Moreover, the article prompts me to reflect on my role in fostering a data-informed culture. In my professional experience, advocating for data literacy and investing in user-friendly analytical tools can significantly improve a team’s ability to analyze and act upon information promptly. This is particularly vital in high-pressure environments where timely decision-making can determine success or failure. I also agree with Harper’s point that skilled personnel are crucial—technology alone cannot enhance analyzability without capable analysts who understand how to interpret complex datasets and translate them into actionable strategies.
Further, the article raises considerations about ethical data handling and the importance of maintaining data integrity to preserve analyzability. This connects with the broader chapter discussions about ethical considerations in data analysis, emphasizing that high analyzability must also involve responsible practices. Overall, Harper’s insights reinforce my perspective that analyzability is a multifaceted concept that hinges on technology, culture, skills, and ethics, all of which are essential for deriving maximum value from data in organizational settings.
References
- Mingers, J., & Walsham, G. (2010). Operationalizing analyticity: A critical review of the literature.
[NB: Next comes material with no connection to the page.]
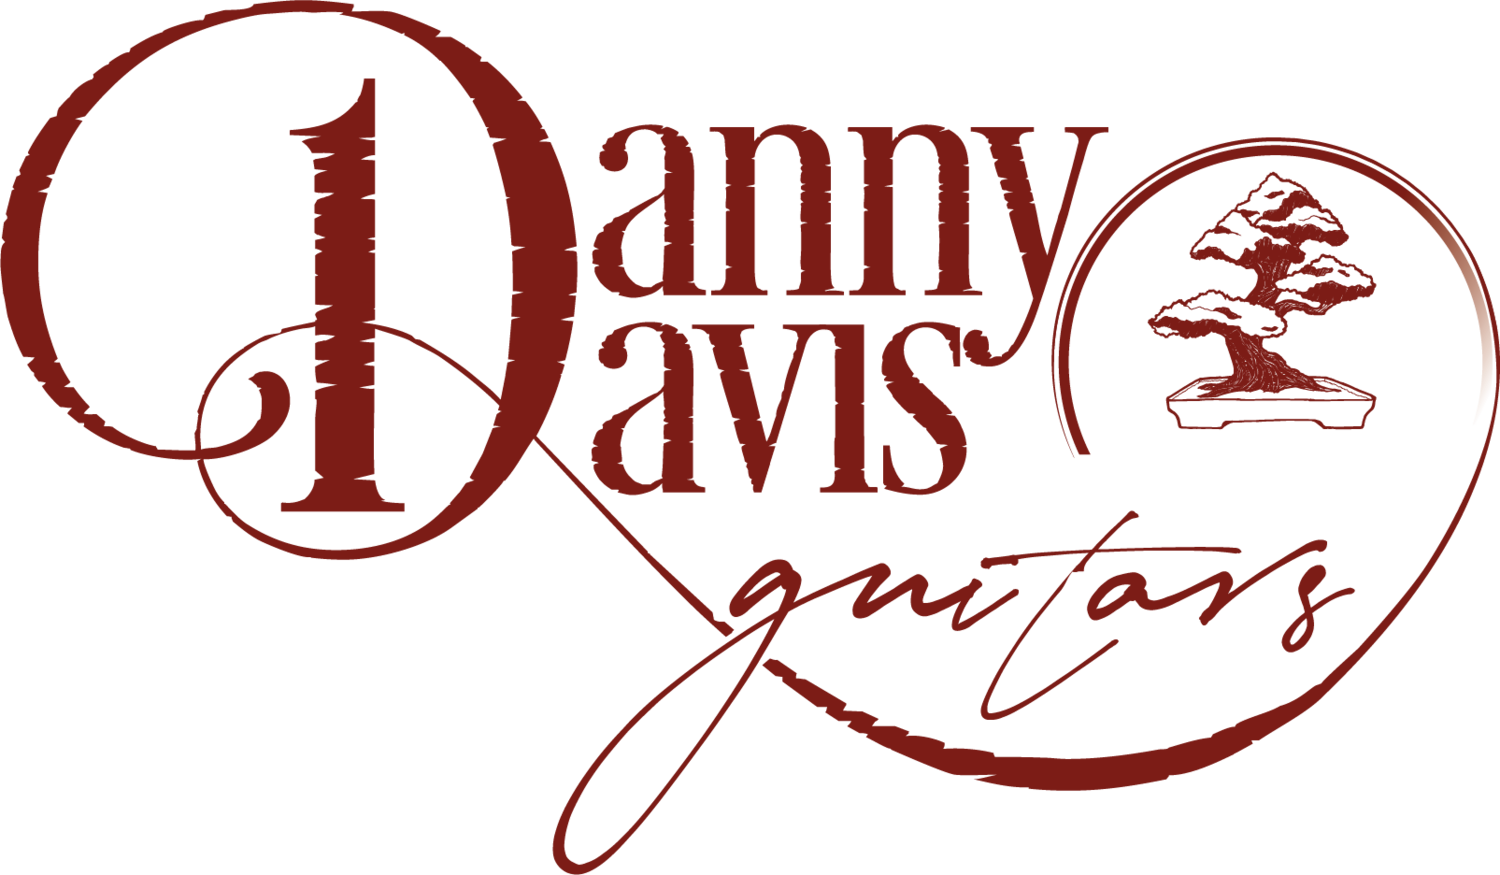 Danny Davis Guitars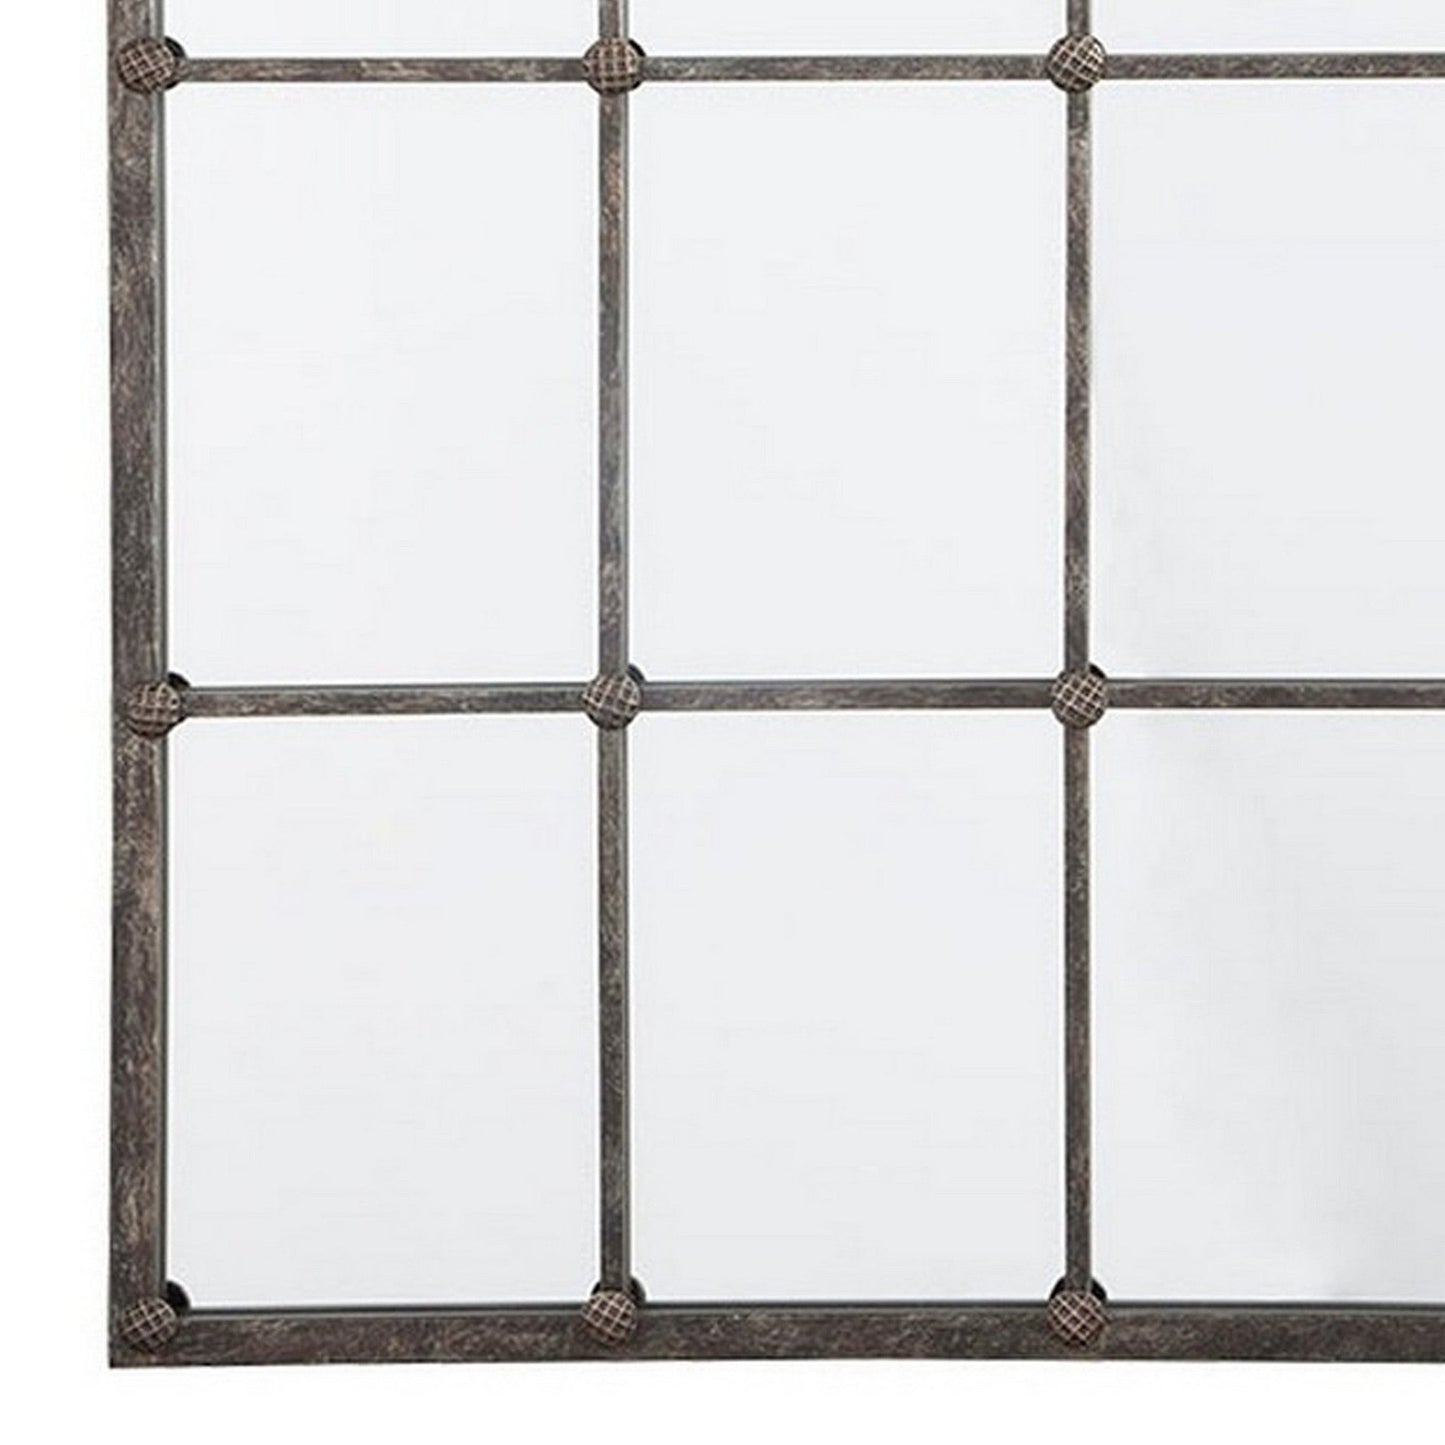 Benzara Arched Window Pane Metal Accent Mirror

Information & Management, 47(4), 203-214. https://doi.org/10.1016/j.im.2009.12.002
- Harper, L. (2022). Operationalizing Analytic Capabilities: Enhancing Organizational Decision-Making. Journal of Business Analytics, 12(3), 150-165.
- Cheng, J., & van der Aalst, W. (2019). Analyzability of business processes: Concepts and measurement. IEEE Transactions on Systems, Man, and Cybernetics: Systems, 49(8), 1604-1615.
- Patterson, R., & Ott, S. (2021). Data quality and analytical effectiveness: A systemic review. Information Technology & People, 34(1), 133-155.
- Sharma, R., & Sinha, R. (2020). The role of organizational culture in promoting analytical thinking. Management Decision, 58(4), 674-690.
- Kim, S., & Park, M. (2021). Building analytical capacity in organizations: Strategies and outcomes. Harvard Business Review, 99(1), 45-52.
- Wang, Y., & Strong, D. M. (1996). Beyond accuracy: What data quality means to data consumers. Journal of Management Information Systems, 12(4), 5-33.
- Goes, P., & Park, S. (2018). The impact of data infrastructure on organizational analytic capabilities. Information & Management, 55(5), 509-519.
- Das, S., & Baruah, S. (2019). Ethical issues in data analysis: Implications for organizations. Journal of Business Ethics, 154(4), 929-940.
- Proctor, T., & Vuori, T. (2020). Building data analytic capabilities through leadership and culture. California Management Review, 62(3), 54-70.